# Happiness is a warm blankie! I litter 10 days old



## wolfstraum (May 2, 2003)

They did this yesterday when I changed their fuzzy rug....they tend to congregate on these and get excited when I change them if I give them one warmed in the dryer!

Lee


----------



## Barb E (Jun 6, 2004)

_*smoosh alert* _ !!!!!!!!!!!!!!!


----------



## Betty (Aug 11, 2002)

Gosh they are big and sassy!


----------



## middleofnowhere (Dec 20, 2000)

You must have put a puppy-nip sheet in the dryer with it!


----------



## Lynn_P (Mar 17, 2004)

Look at them... My God... you just want to hug every single one of them!!!


----------



## CMorton (Oct 28, 2000)

How Cute!! Congrats on the crew!


----------



## JenM66 (Jul 28, 2005)

OMG!!!







I love their little noises. And the sable girl







when she fell off over onto her back, "I meant to do that" sticking her little tongue out and getting her belly rubbed


----------



## Daisy1986 (Jul 9, 2008)

How cute


----------



## windwalker718 (Oct 9, 2008)

*squirming in my chair* 18 days in July, 30 days in June and 2 days in May before I get to cuddle and spoil my boy royally!! Keep the picts coming Lee... I need a heavy duty fix!

Too bad I'm going for a boy, that big sable female still is the one in the litter that I see 1st.


----------



## LHunter82FXRS (Oct 20, 2008)




----------



## DSudd (Sep 22, 2006)

OMG I want one. So many precious puppies!


----------



## mnm (Jan 9, 2006)

OMG!!!









You're right, they think the fuzzy warmth is mamma and they are looking for the milk bar









They are looking super


----------



## lucymom (Jan 2, 2009)

Oh my, over the top sweetness!


----------



## doxsee (Jun 14, 2007)

So cute!!!


----------



## johnbertieri (Nov 7, 2008)

Ahhh more Wolfstraum puppies! I'm sorry I won't be around this year to play with them!


----------



## DancingCavy (Feb 19, 2001)

They're so mobile!!! Risa was quite intrigued when they squealed--she came running towards the computer. So precious!


----------



## CarLooSHoo (Feb 26, 2009)

Makes me want a million puppies lol


----------



## G-burg (Nov 10, 2002)

The pups are doing super, Lee!! happy, healthy and fat!!


----------



## Keegan62 (Aug 17, 2008)

so beautiful lee so wonderful to see healthy pups


----------



## GSDtravels (Dec 26, 2008)

Finally got that puppy fix. Nice litter Lee! Give Momma a hug from me


----------



## jfisher (Dec 29, 2005)

Oh my goodness, I can't handle the cuteness! Fuzzy squirmy puppy noises! Talon came running to the computer, and then looked very confused.

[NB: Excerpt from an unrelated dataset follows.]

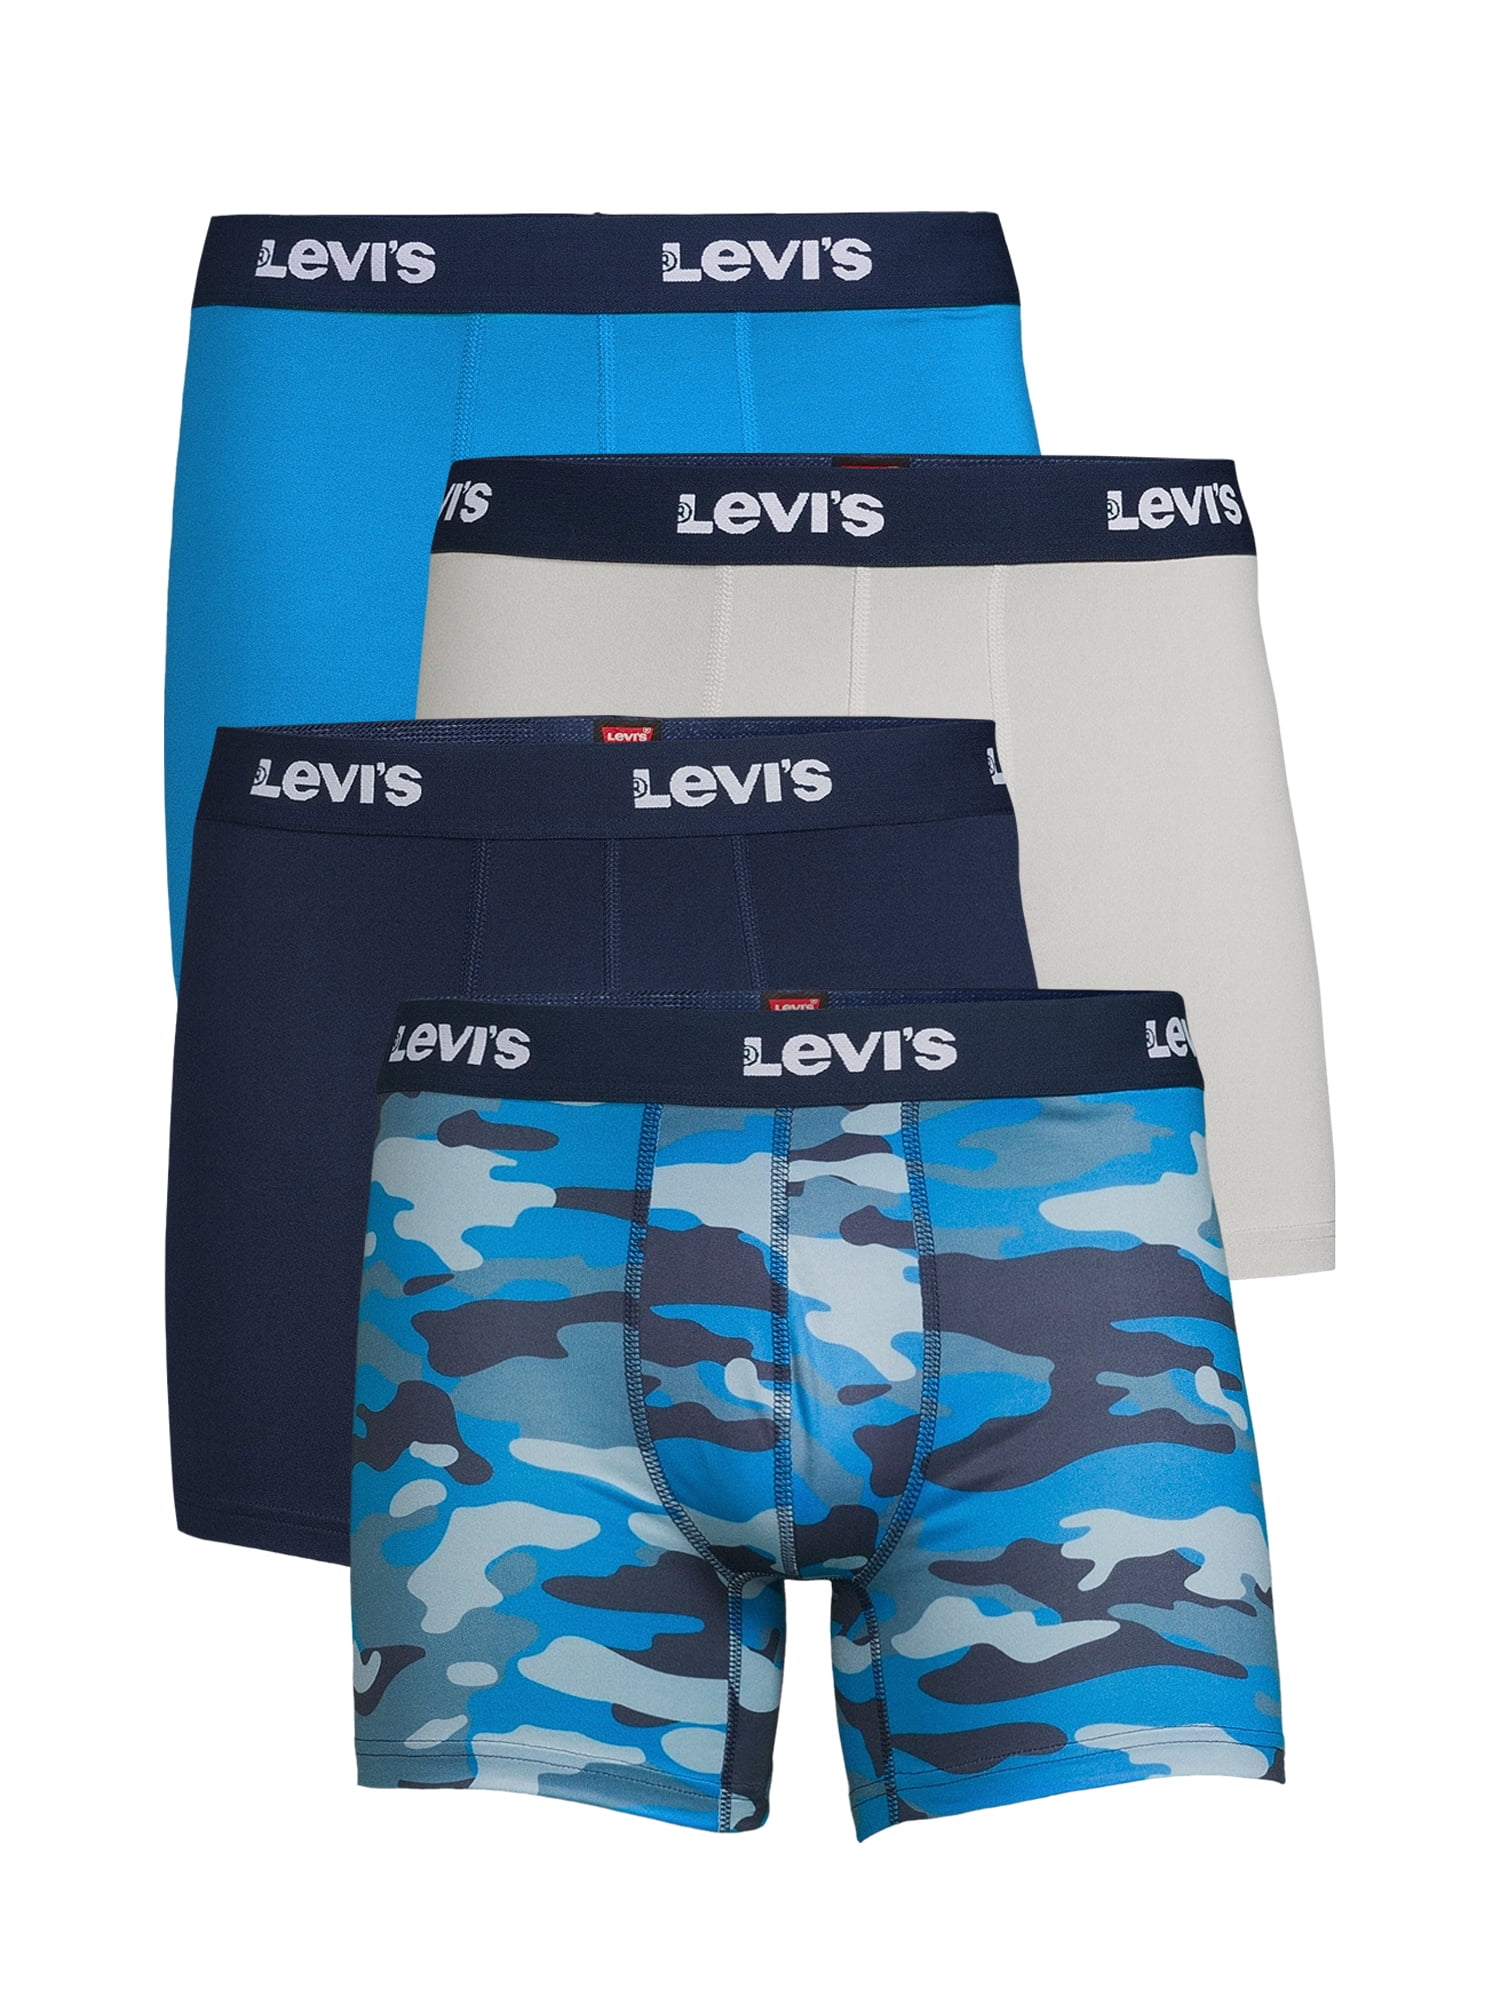 Levi's 4-Pack Adult Mens Microfiber Boxer Briefs, Sizes S-XL

Is their beautiful mama taking a well-deserved potty break?

-Jackie


----------



## wolfstraum (May 2, 2003)

Thanks all...they are very fat and shiny! Little piggies too! Yes, Csabre is out on potty break LOL LOL

Basha is also intrigued by the puppy noises and smells! Whenever I have been handling them and come back to the living room, she has to inspect every inch of my shirt and even licks where the pups have snuggled! She loves puppies too!

Lee


----------



## Gunnarspack (Apr 7, 2009)

Congrats on the beautiful litter Lee! Those are some shiny, happy, healthy lil sausages! Csabre must be a good mama to keep them all fed and happy like that. Tell her "good job mama!" Sasha came over to investigate all the lil snorkly sounds...she cocked her head to the side and was very intrigued lol


----------



## Brightelf (Sep 5, 2001)

Teeny beany, grunty, squeaky, squiggly puff-a-lump porklets! Wanna SQUISH em and HUG em!! They are so adorable! I wanna hear all about how excited Windwalker is to get the new baby black boy soon.


----------



## aubie (Dec 22, 2008)

Anna licked the keyboard when she heard the puppy squeals! Guess you'll have to send me one!









I loved the little sable girl on her back too! So freakin adorable!


----------



## Superpup (Jun 7, 2007)

They are just tooo adorable Lee!!! Love them all!!!


----------